Após alguns movimentos mecânicos, um insólito espectro no espelho do banheiro, o fez parar. Silenciou e analisou. Infinitos curtas vagueavam por sua mente angustiada. Aquele semblante abatido no espelho lhe causara qualquer sentimento reverso. Após uma vertiginosa sucessão de horas irrefletidas - talvez dias, talvez semanas - certa lucidez parecia, finalmente, pairar pela densa atmosfera daquele cômodo sombrio. Abriu com certo receio a torneira e permaneceu alguns infinitos instantes o movimento incessante. Depois, encheu as mãos com um bocado de água. Molhou o rosto. E pensou, pensou, pensou, pensou. Em tudo. Em nada.

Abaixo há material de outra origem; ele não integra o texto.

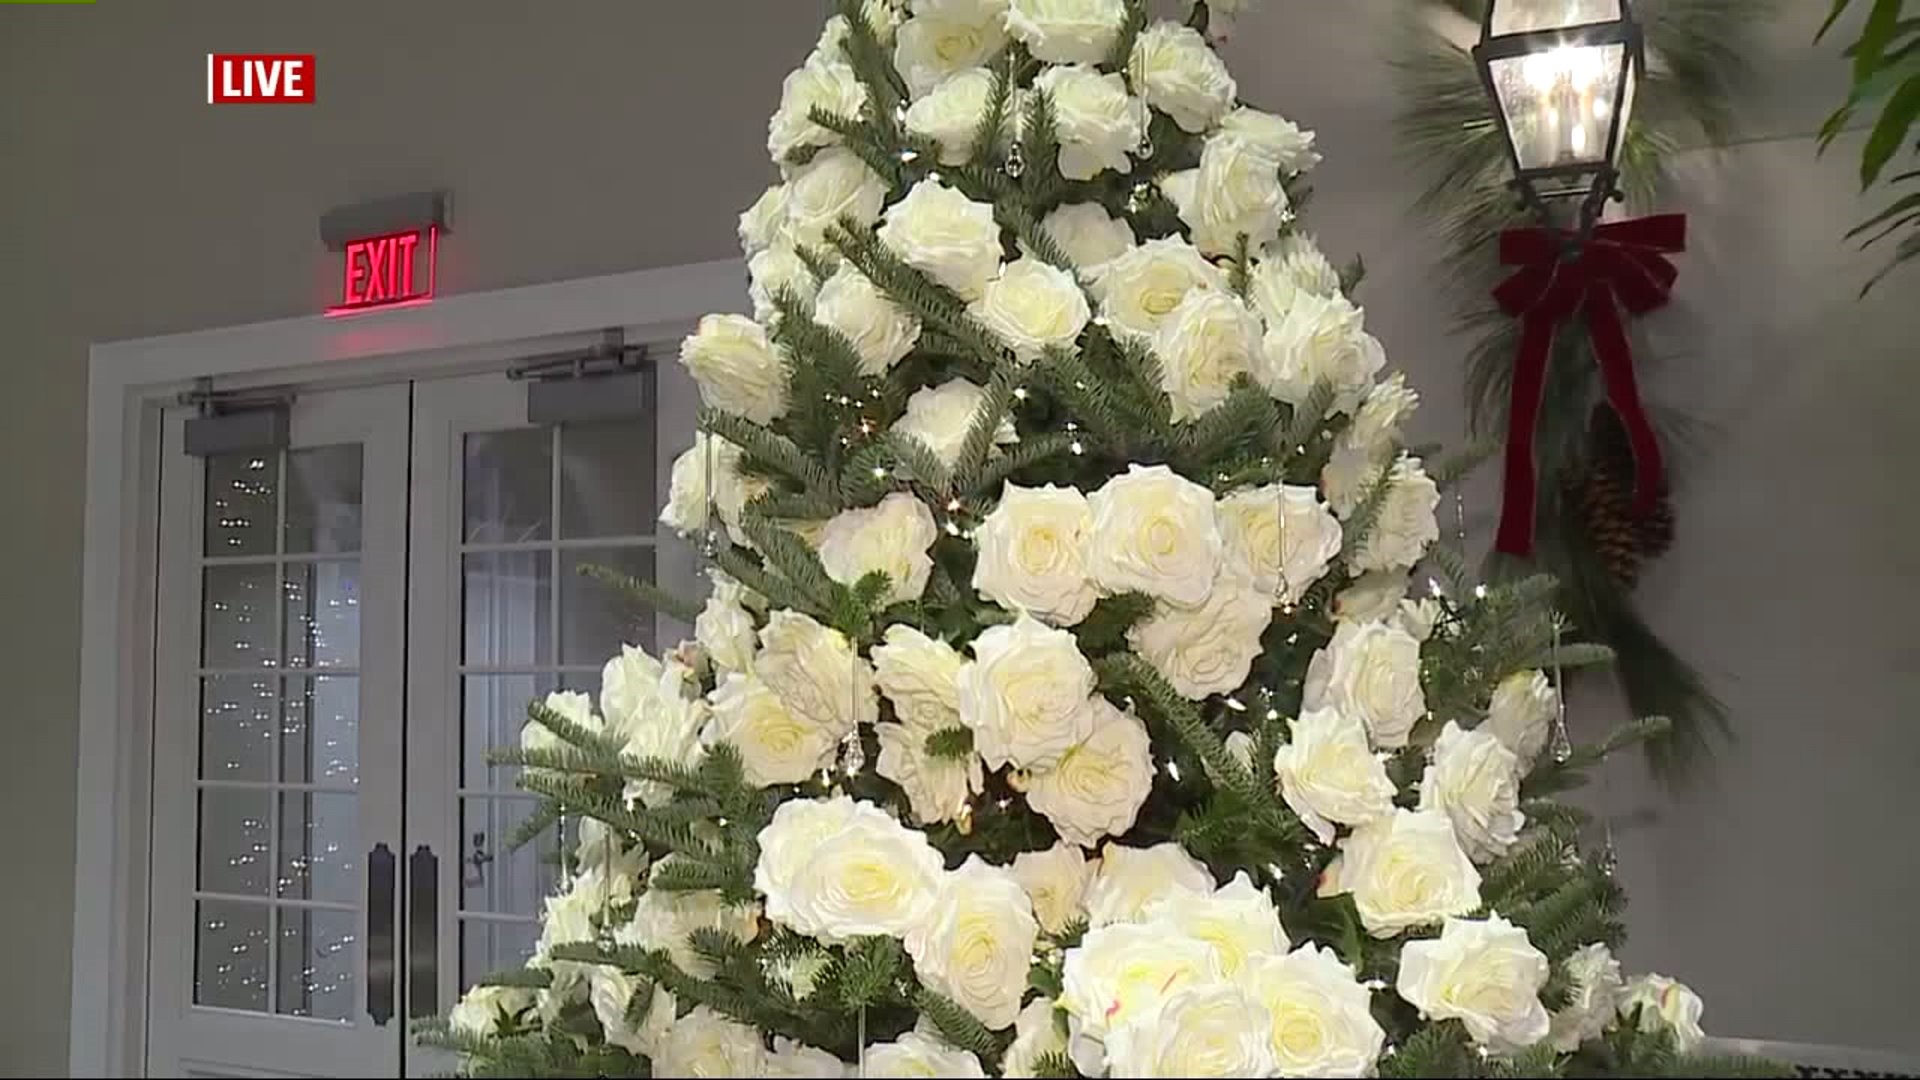 Christmas Tree Showcase at Hershey Gardens

Dias e dores. Incertezas e decepções. Gritos abafados. Lágrimas sufocadas. Palavras - tão necessárias - evitadas. Foi-se levando. A situação adversa tornou-se rotina. Enfeitá-la com formosas máscaras foi incluso no procedimento padrão. Sorrisos demagogos e poses previamente calculadas. Os espectadores mais desatentos não perceberam que a efervescência ocorria nos bastidores. Os desatentos se deixaram enganar pelas aparências. Deram audiência para o próprio fracasso e disponibilizaram o seu ardor, de bom grado, ao inimigo sanguessuga. Sua vaidade os traiu. Alguns acordavam. Outros passavam o resto da vida enfeitiçados.
Certamente, ao observar a sua languidez no espelho, seus olhos estupefatos denunciaram que algo muito contrário a sua essência, parecia, pouco a pouco, tomar conta de todo o seu ser. Grande tristeza o abateu. Não se reconhecia mais no espelho. Quem era aquele, afinal? Discursos estranhos retumbavam em sua mente. Aquelas palavras pareciam sair de forma equivocada. Em perfeita consciência jamais diria tais tolices. Porém, aqueles flashes o denunciavam. Ele que bradara tudo. O "eu" de hoje. Por outro lado, o restante do "eu" de antes, reprovava, veementemente, todas as últimas palavras - e condutas - absurdas.
Caminhava sozinho. Sem objetivos e muitas perspectivas futuras. Enamorado pelas frivolidades. Escravo das efemeridades. Inicialmente, um gosto doce. Delicioso, apaixonante. Um aroma inebriante, inevitável. Quando você vê, já está envolvido dança de na cigana. Como um furacão, deixa grande desordem por onde passa.
Ele sentia, de repente, todo o peso de suas escolhas maléficas. Parecia caminhar em vários caminhos opostos, concomitantemente, até perceber que, perdera-se da estrada e encontrava-se, sozinho, caminhando em círculos. Tentando retornar a trilha. Tentando escolher aquele caminho menos tenebroso.
Por fim lembrou-se que antes também era descontente. Então desligou a luz do banheiro. Contemplou a lua e tragou o silêncio da madrugada. E respirou lentamente.